Clause 6 with a delay included removal of the check in several stages. First they left the check, then after a week they turned off checking on the files of the company's employees, after 2 weeks they turned off the check completely.
What should be changed in the code?
Again, all changes apply only to the database.
The scale of change was the largest on the global server:
Add an intermediate table in which to put all the files downloaded from shards.
Make a JOB that checks the files in the intermediate table so that they are not used on shards.
Add the field with the date of the last access to the file to the queue of deleted files in the table and add an index.

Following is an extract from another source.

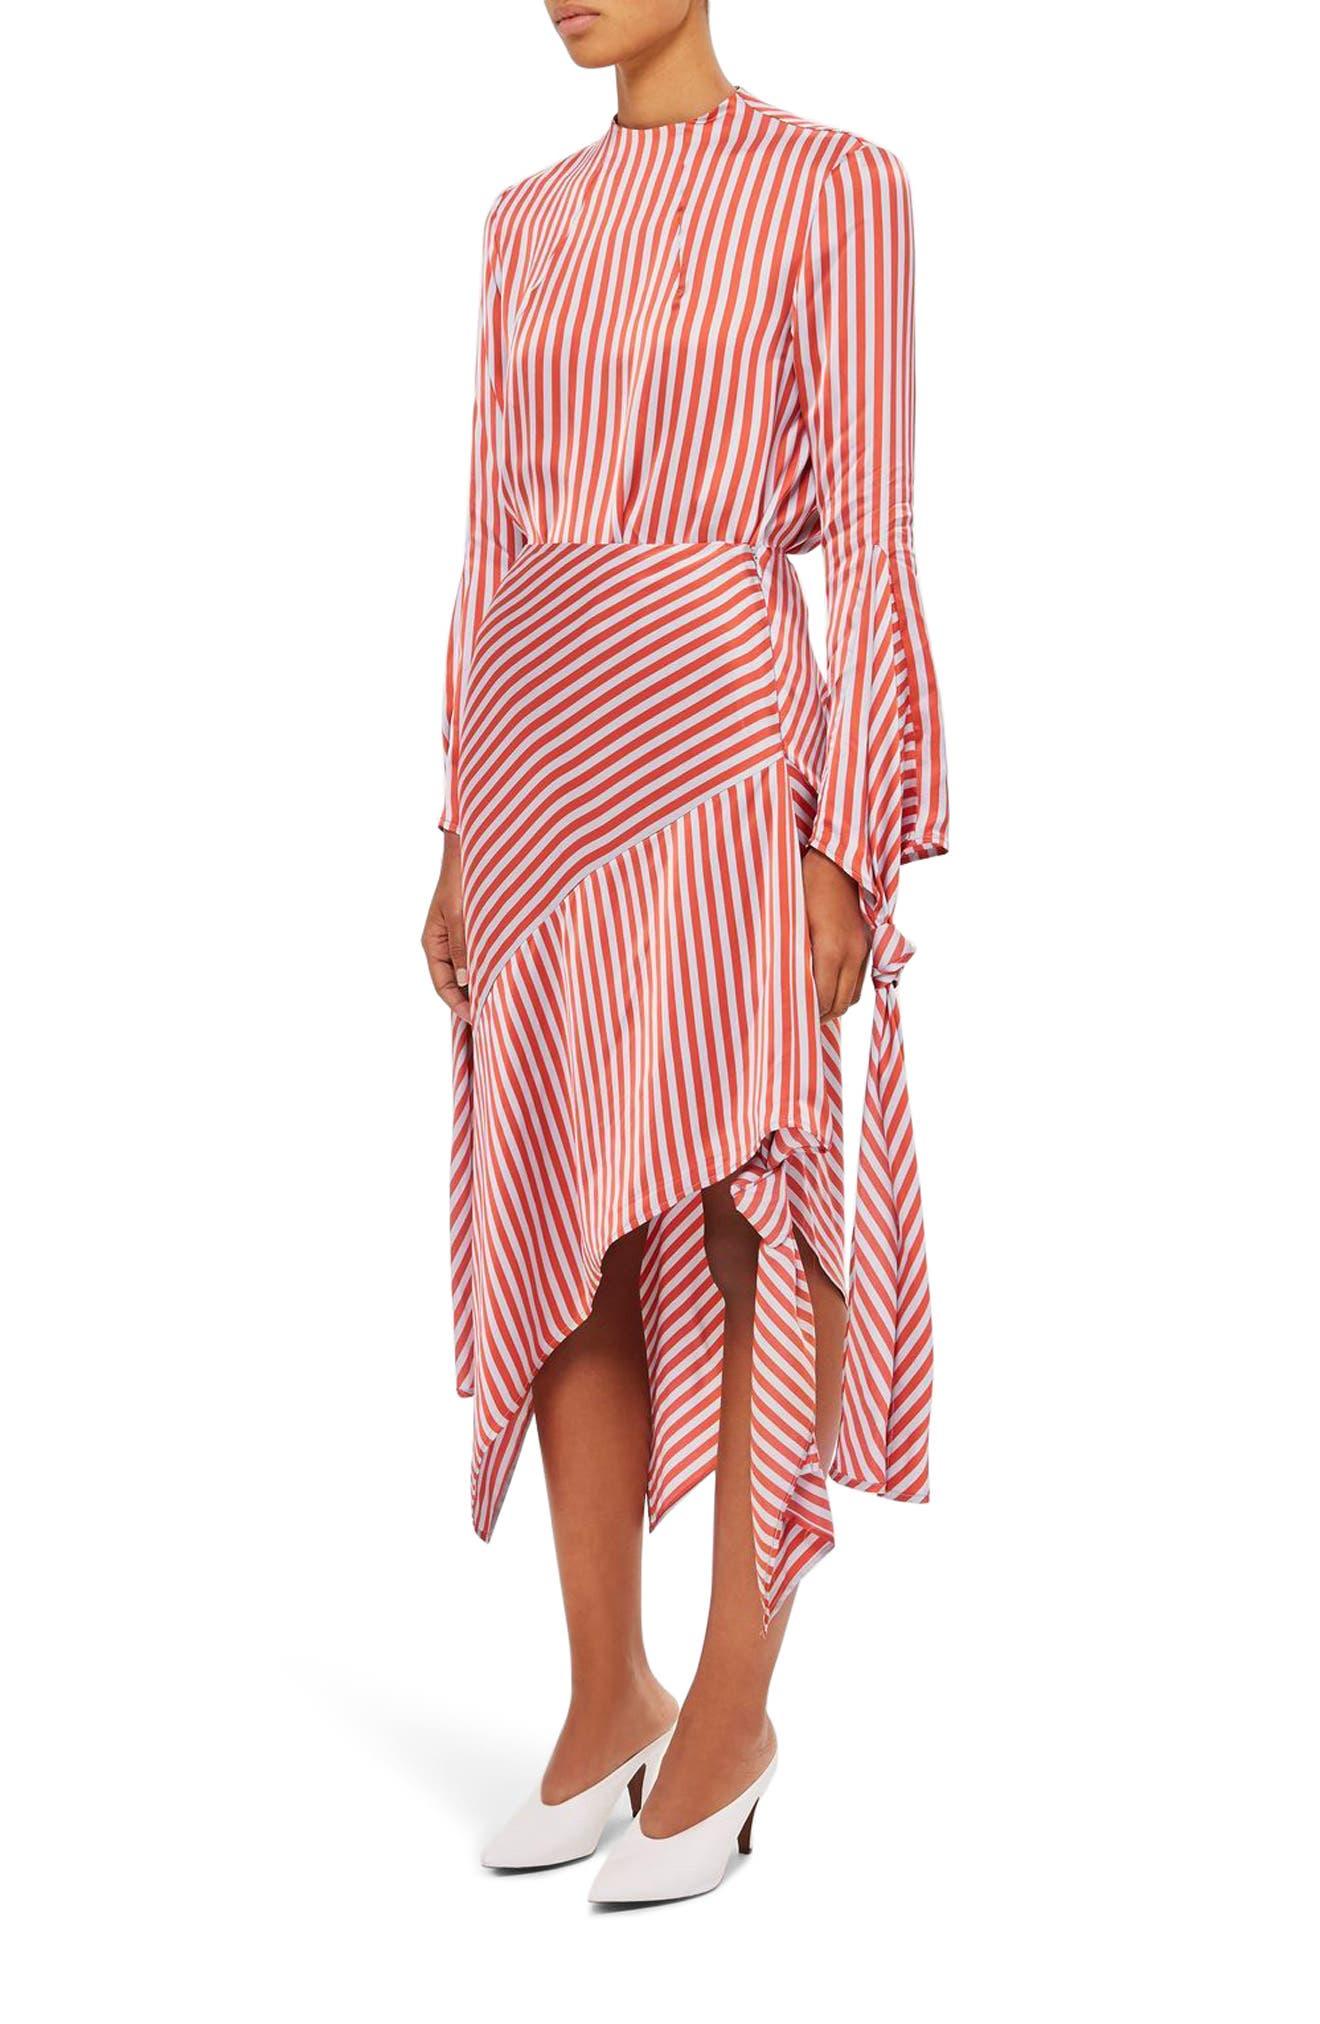 Alternate Image 1 Selected - Topshop Boutique Stripe Knot Midi Skirt

Find all the procedures with access to the file - it turned out 5 procedures. Add a block to change the date of last use in the queue table. The date changed every time, regardless of whether it was filled or not.
In the procedure for issuing files to the uninstall program, add it so that it displays only files with an empty usage date.
Add a JOB that collects all files with the date of use and checks (with a delay of 10 minutes, which is necessary for the client software to add the file to the shard, in general it is up to 2 minutes, but decided to be safe) using the file on all shards. After the check is completed, the date of use is reset to zero if the file is not found, otherwise the file is removed from the queue. If the use date has changed during the verification process, the data does not change as it is assumed that while the test was in progress, the file could be uploaded to the shard, on which the test has already been completed and a new test cycle is required for the file.
On shards:
In the procedure that deletes files from a table with deleted files, it was necessary to add a check that the file was not used. The procedure lost its simplicity and beauty is not much - in DELETE with output just added NOT EXISTS.
Added JOB, which in the background banged from the table used on the server files.
Tests
In the integration tests added scripts to use all options for storage.
We also wrote new cases to test new file deletion functionality.
Perf Lab has added load to the global server. In addition, the load added to the removal of files from the storage.
Depla
Scripts were prepared for the application and rollback of changes for the database. DBA rolled scripts and it turned out that during load testing did not pay attention to the lock on the table-queue to delete files. As a result, we did not fix the index, which was not the most optimal.
Because of this, it was necessary to disable JOB checking by ranges and analyze and add identifiers of deleted files manually, according to files that were deleted in the system before the new code was added.
results
As a result, as a result of deployment, new deleted files are deleted from the storage within 24 hours.
Files deleted before the launch of the new system were created on the backup and added to the queue for the prod.
As a result, the extra data on S3 in the amount of 2 petabytes has been removed. The same thing happened with the files on dedicated client servers, and now they have the space occupied on the server coincides with the place displayed in their clients.
The curve index on the queue table is still living on the prod, the task of changing the index in the backlog, but slightly postponed due to higher priority tasks.